Not sure if it is related but the data is read from hdf5 with hdf5py (not MPI)

@ppwwyyxx
Copy link
Contributor

ppwwyyxx commented Jan 8, 2019

May be related, but I found that horovod could get stuck like this if GPU memory is not enough.
I have a job which run well last week, but yesterday when I tried to run it I always saw it stuck at the first allreduce, with warning messages like:

HVDAllReduce/HorovodAllreduce_gradients_linear_BiasAdd_grad_BiasAddGrad_0 [missing ranks:[1,0]

together with TensorFlow OOM messages like:

2019-01-08 02:00:37.838302: E tensorflow/stream_executor/cuda/cuda_driver.cc:806] failed to allocate 7.62G (8187171072 bytes) from device: CUDA_ERROR_OUT_OF_MEMORY: out of memory

It got stuck only when I run it with 16 machines, but not locally.

At first I ignored the TensorFlow OOM messages, because I know that TensorFlow do not necessarily fail after such messages -- it can often still run.
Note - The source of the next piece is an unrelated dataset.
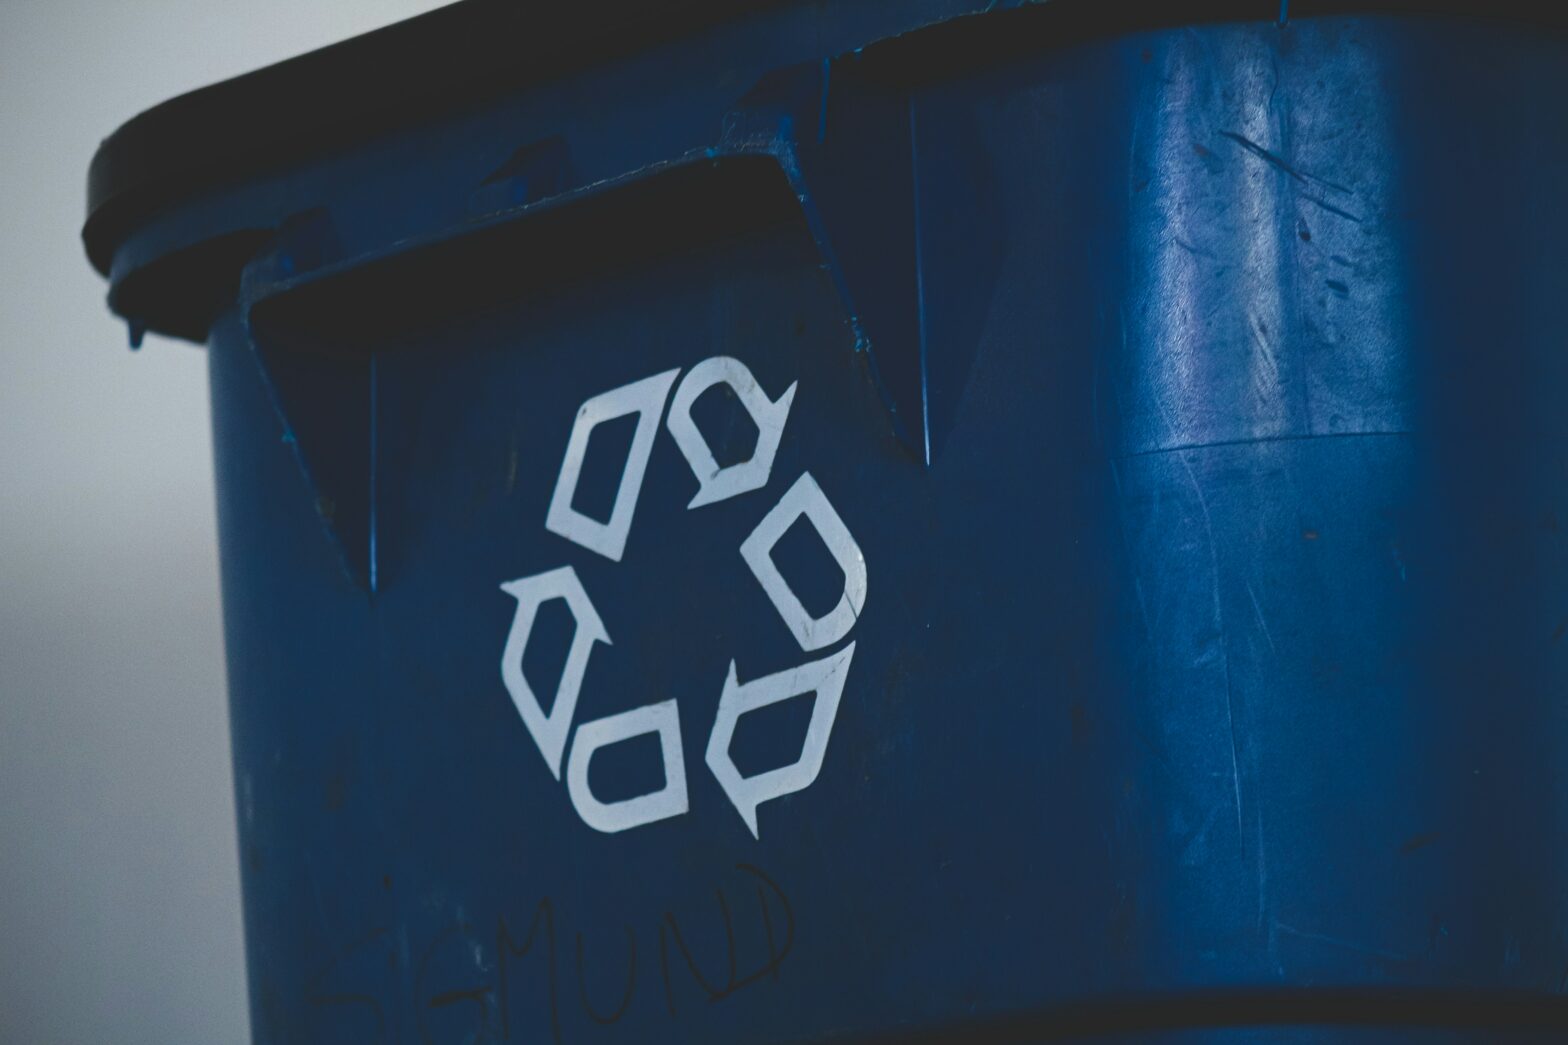 Blog-Eco-Friendly Waste Management Solutions for a Circular Economy

My successful local run also has such messages. And when TensorFlow really met a unrecoverable OOM, it will throw a much larger error with stack trace and allocation status, and exit. However none of the jobs exited.
However, it turned out that memory seems to be the reason of the stuck. All my failure runs have 16GB GPU memory and it succeeded after I switched to GPUs with 32GB memory. My success run last week is on combination of 16GB and 32GB GPUs (with rank0 on 32GB). (However, my successful local runs are also with 16GB memory, perhaps different allreduce implementation costs different amount of memory?).

@nicolefinnie
Copy link

I hit the very same problem and I realized one thing: if we always make the same worker do heavy-lifting, e.g. evaluating the current model after training for a certain number of epochs, other workers are going to complain about stalled ops and missing ranks: 0 and end up being stuck in this situation without being able to recover (looks like a horovod bug in my eyes), or the recovering slows down the whole process.

My workaround is to make all workers do the same heavy lifting, for example, all workers have to do evaluation even if we only take the results from the first worker. I mean if other workers have to wait for the first guy, it won't hurt too much for all workers to do the same job.
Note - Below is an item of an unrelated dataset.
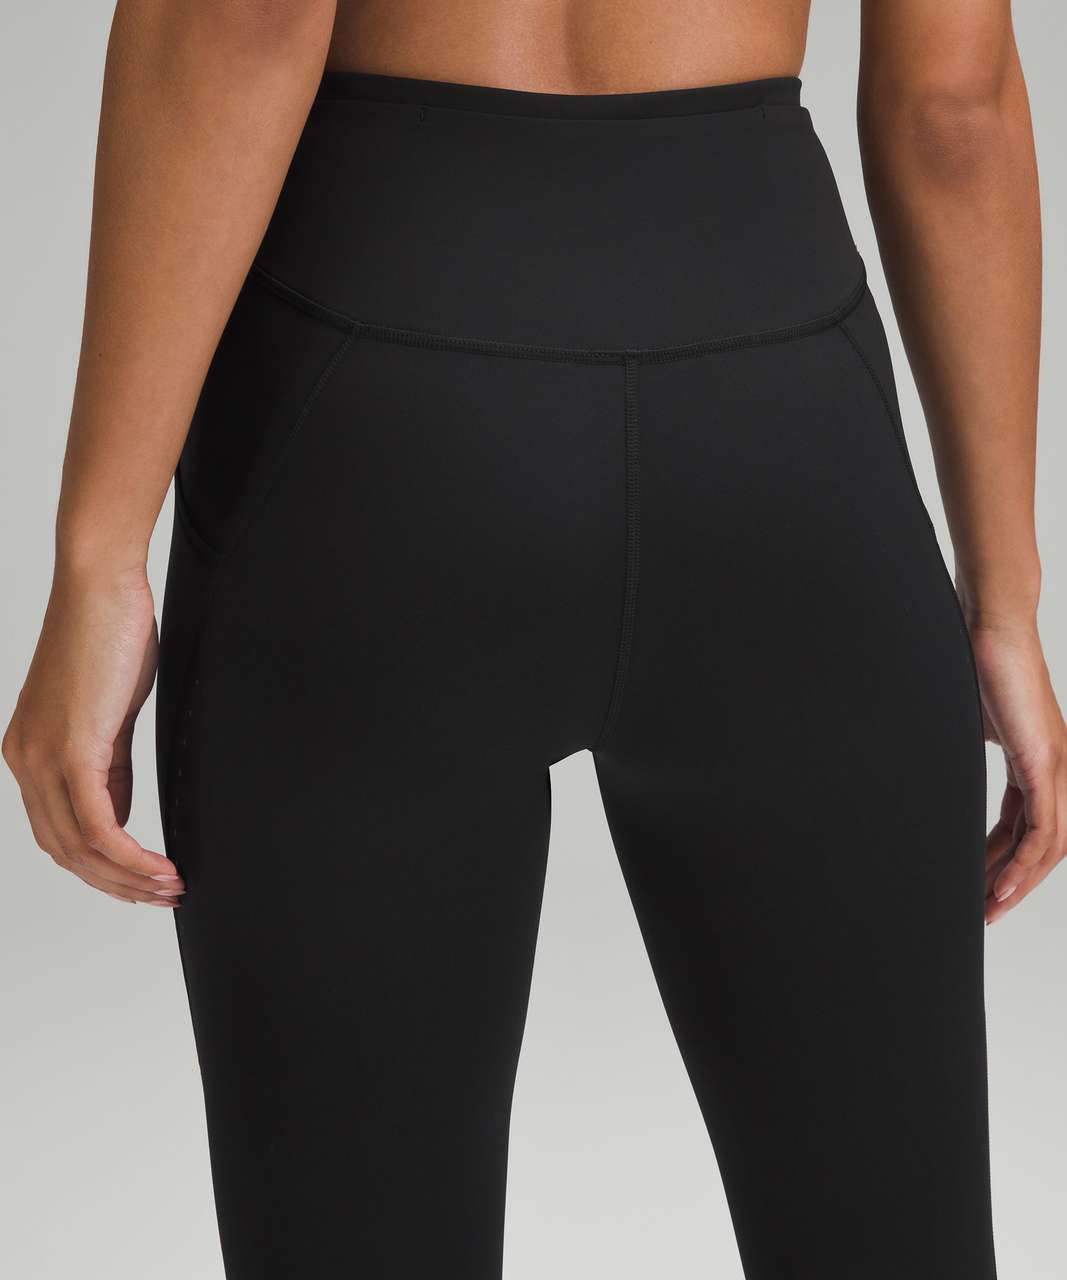 Lululemon Fast and Free leggings in Size 6, Black (w pockets!), Women's  Fashion, Activewear on Carousell

If I find a better solution, I'll update my answer.

@tgaddair
Copy link
Collaborator

tgaddair commented Apr 1, 2019

@nicolefinnie, in your case the behavior you're seeing is what we would expect. If one of your workers is doing evaluation, but the other workers have moved on to train in the next epoch, then they will necessarily get stuck because rank 0 is busy doing evaluation.

In the ring-allreduce algorithm, the other workers cannot proceed while one of the workers is behind. You wouldn't want this behavior either, because it would effectively alter the batch size between batches, which invalidates your learning rate.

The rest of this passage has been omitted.